Second, our legislature should appeal the “actual malice” standard to recover punitive damages. What this means is that in order to recover ounitive damages, you must prove that whatever the defendant did was not only intentional, but done out of specific ill will toward the injured person. There is a great illustration in the news right now. A 20 year old college student, a pedestrian, was run down and killed by a repeat drunk driver, who then left the scene. It turns out, he was captured on various cameras driving erratically throughout the city before the fatal collision. That poor young woman’s family will not be able to recover punitive damages. Is that fair? This is a case where allowing punitive damages is not only morally right, but would provide a benefit to society by showing that this conduct will not be tolerated n the community.

Finally, the big one. I would abolish all arbitrary damages caps. Damages caps are unfair, un-American, and deprive citizens of their right to have their damages determined by a jury. Juries are kind of a big deal in America. It’s in the Constitution and all. Juries decide whether people live or die, go to prison or go free. But when it comes to some doctor or insurance company’s pocketbook, we don’t trust them anymore. That’s stupid. The whole point of our system of government is that it puts the ultimate power in the hands of the people. Arbitrary damages caps take that power away from our juries.

Laura Zois and I had a trial this summer where we were representing a young woman whose right leg was crushed by a gas tanker that ran a red light. Our Baltimore City jury awarded her $63,000 in medical bills and $1,000,000 in non-economic damages. Because of Maryland’s arbitrary cap on non-economic damages, the verdict was automatically reduced to $729,000. When we told the jury about this, they were mad. They put a lot of time and effort into arriving at a fair verdict, only to have it undone by a law they were not allowed to be told about during the trial. That’s not fair. They intended their verdict to compensate my client for the rest of her life for her permanent injuries, not two-thirds of it.

These three tort reform proposals would do an immense amount of good for injury victims in Maryland. They make sense, and promote fairness in our civil justice system. On the other hand, the only real argument against them is an economic one, made by those who stand to lose the most- wrongdoers and their insurers.

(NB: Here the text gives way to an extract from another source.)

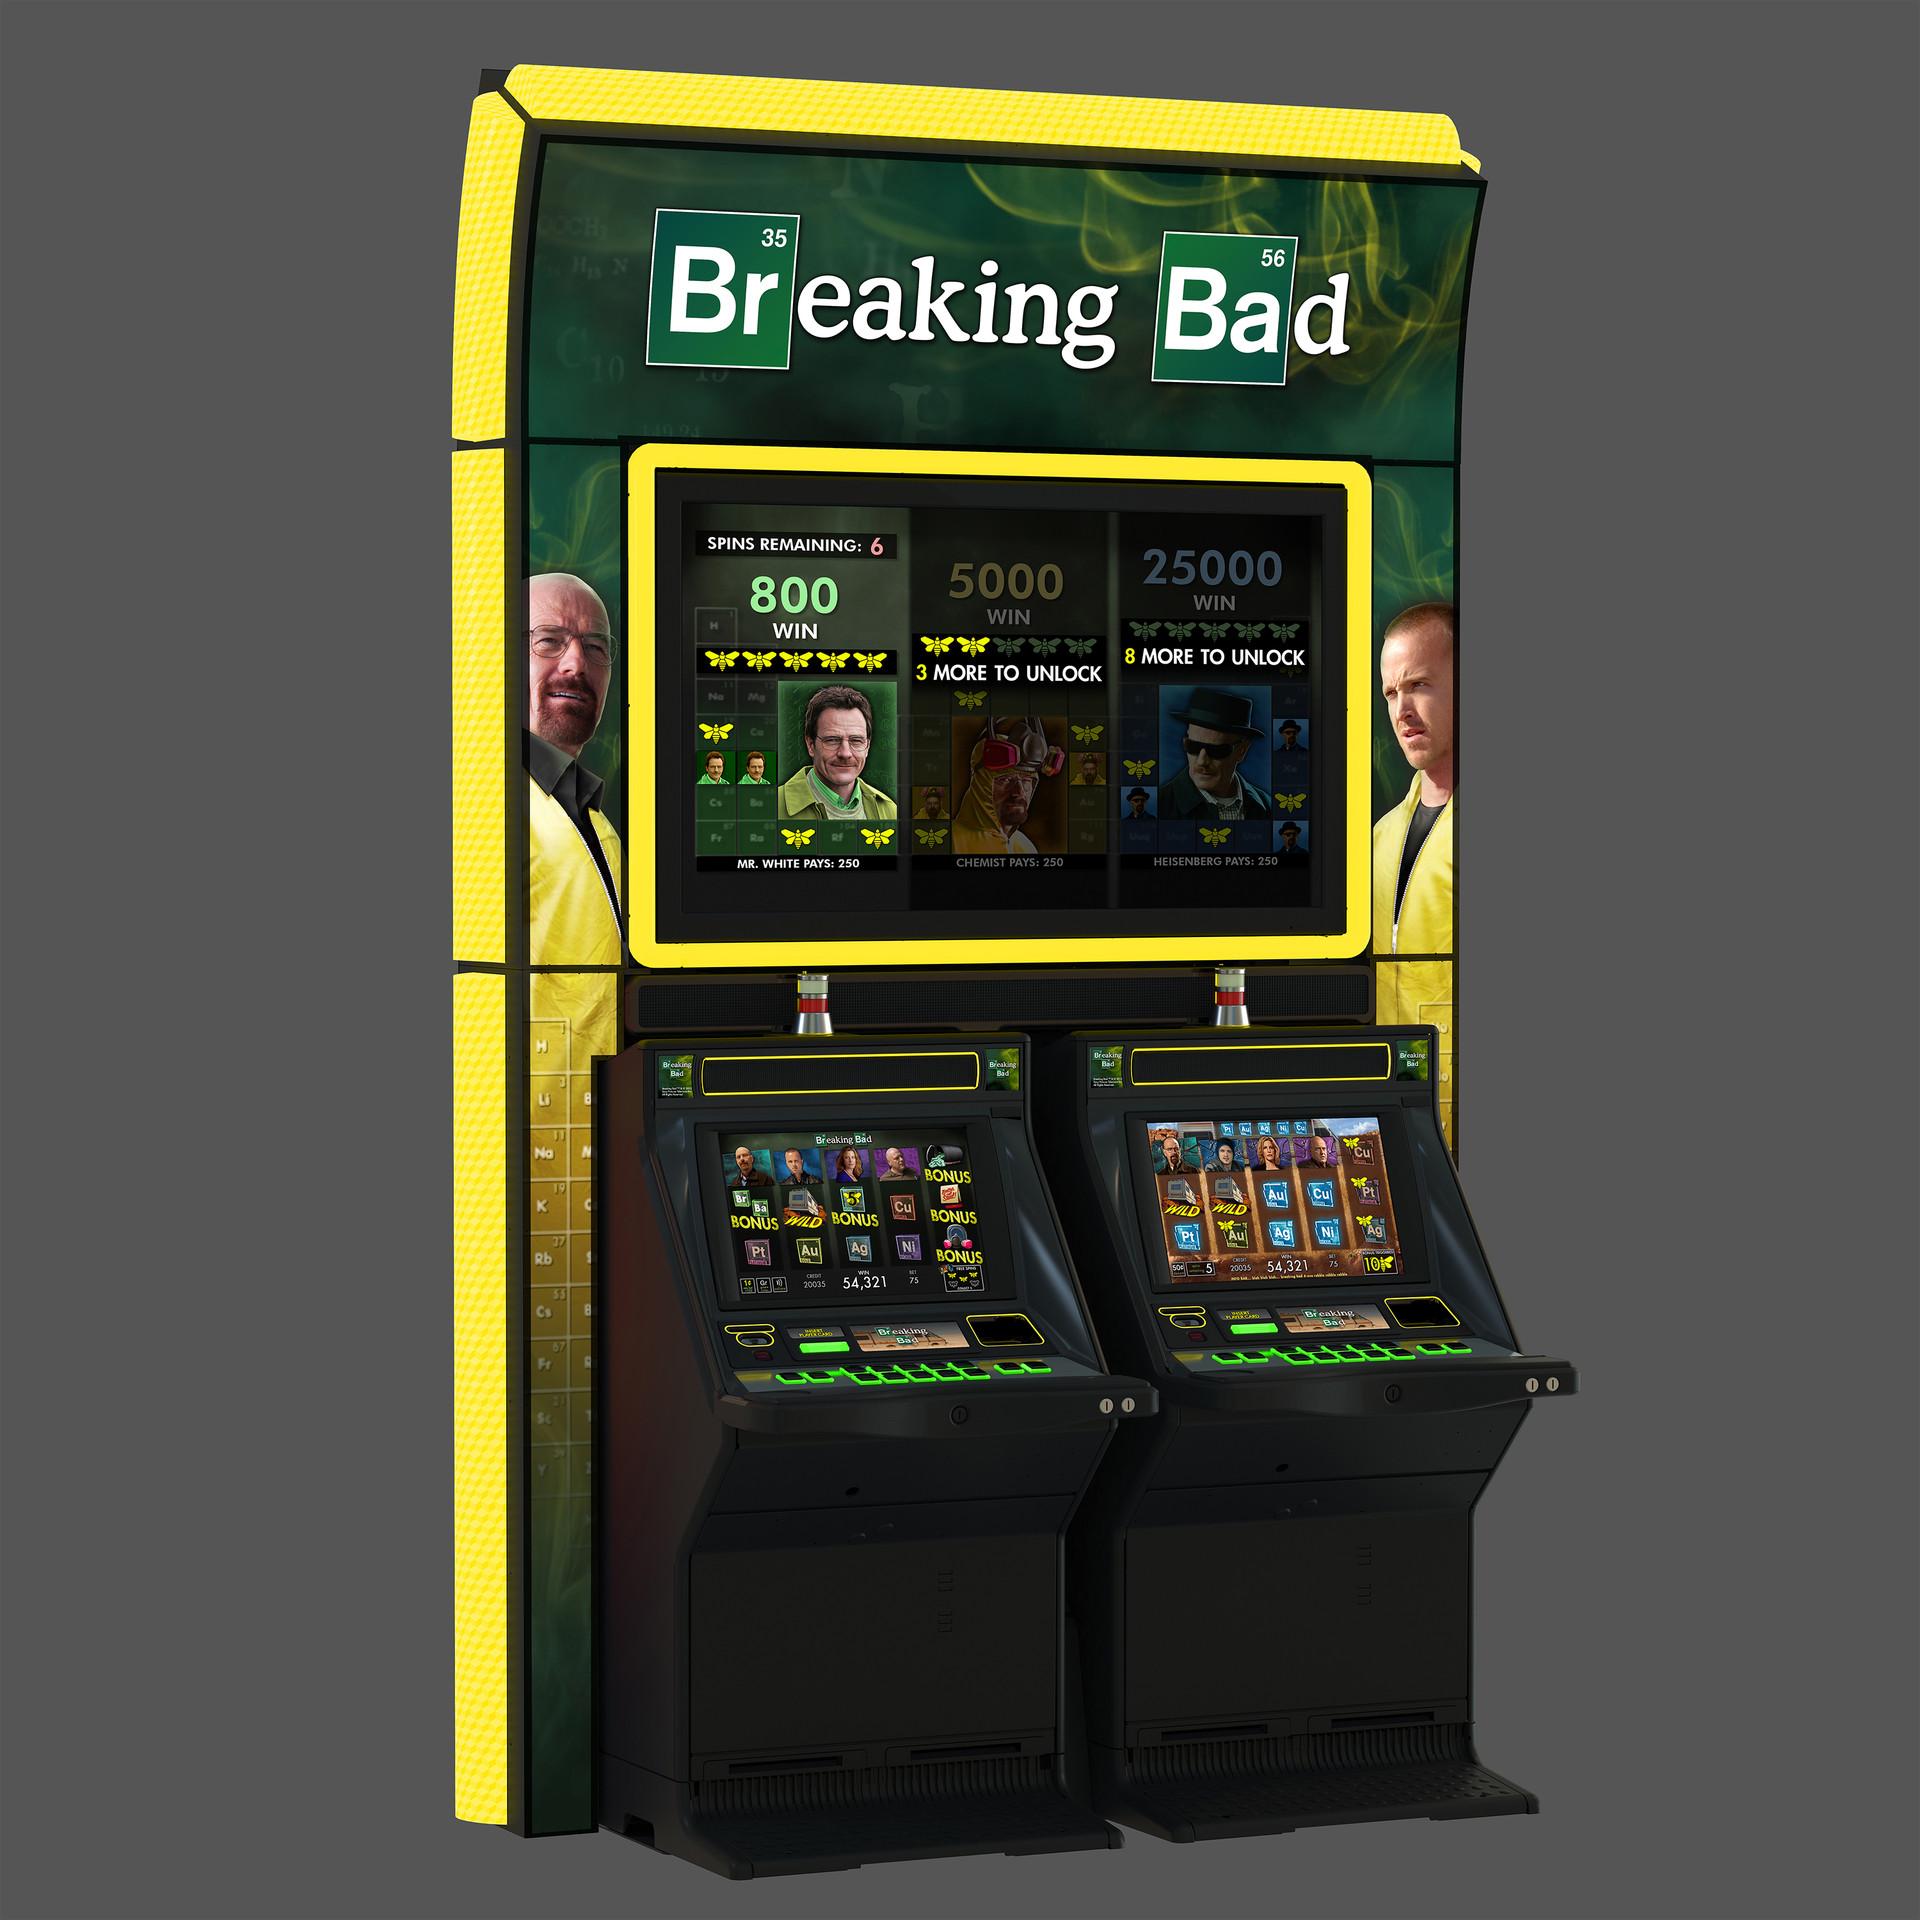 Cabinet design for Breaking Bad.

Yeah, It’s Kind of a Wierd Town

What are we known for in Baltimore? Let’s say you’re not from around here. What comes to mind when you think B-More? Johnny U and the old Baltimore Colts? Francis Scott Key writing down his thoughts on seeing Old Glory still flying over Fort Mchenry? Johns Hopkins’ perpetual status as one of the top hospitals in the world? Hometown of disgraced Vice President Spiro T. Agnew and Speaker of the House Nancy Pelosi? Home of the National Aquarium, with good ol’ Willie Don jumping in the pool in his 1920’s bathing suit?

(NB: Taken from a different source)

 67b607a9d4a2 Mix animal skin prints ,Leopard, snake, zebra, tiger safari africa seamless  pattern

These are all great, but nope. When people think Baltimore, they think ghetto, dope and crime. Homicide, The Wire, and The Corner. Has David Simon has done more to make Baltimore look bad than anyone in history? No. Unfortunately, that is like blaming the mirror if you’re ugly. It’s not perfect, but it’s home. This is basically a too-wordy intro to the Baltimore Injury Lawyer Blog’s “Only in Baltimore” fall frenzy.

Only in Baltimore:
Does the local newspaper publish a list of Top 15 memorable crimes.
Does a cartoon-worthy trial between Billy Murphy and Steve Snyder end up in an appellate opinion affecting every medical malpractice case tried in the state.
Does a Police Department lawyer moonlight defending criminals.
Does a police major get demoted for spending department time life-coaching on Facebook.
Does a mayor facing criminal charges come out publicly in favor of a seven-foot pink flamingo encroaching on the sidewalk.
Radio-talk show host is the gig of choice for disgraced or replaced political figures (Ed Norris and Larry Young representing the former, Bob Ehrlich representing the latter).

It’s a weird town, but we love it anyway. Plus, it’s so much better than Glad Valley, South Dakota (the farthest point from a McDonald’s in the continental United States).

Ambulance Chasing Should Be Outlawed

Connecticut has outlawed the practice of using “runners”– when crooked lawyers pay third parties to solicit injury plaintiffs either in person at hospitals or by going through police reports. These injured folks are then steered to crooked doctors, and the crooked lawyer helps them recover on the trumped-up claim.

Of course, I am sure that there are also genuinely injured people who are ensnared by these “runners” as well. The problem there is that they end up with the lawyer who uses runners, rather than with the most competent lawyer for their kind of case.

This is one of the few things that reputable personal injury lawyers, insurance companies, judges and legislators all agree on. This is a practice that is a harm to society, and brings the legal system into disrepute. Thankfully, this practice has been illegal in Maryland for many years.

Thanks to Walter Olson at Point of Law for the link.

Baltimore City Circuit Court Nominees

Here is the list of nominees to fill the seat on the Circuit Court for Baltimore City that became available due to the retirment on the Hon. John M. Glynn.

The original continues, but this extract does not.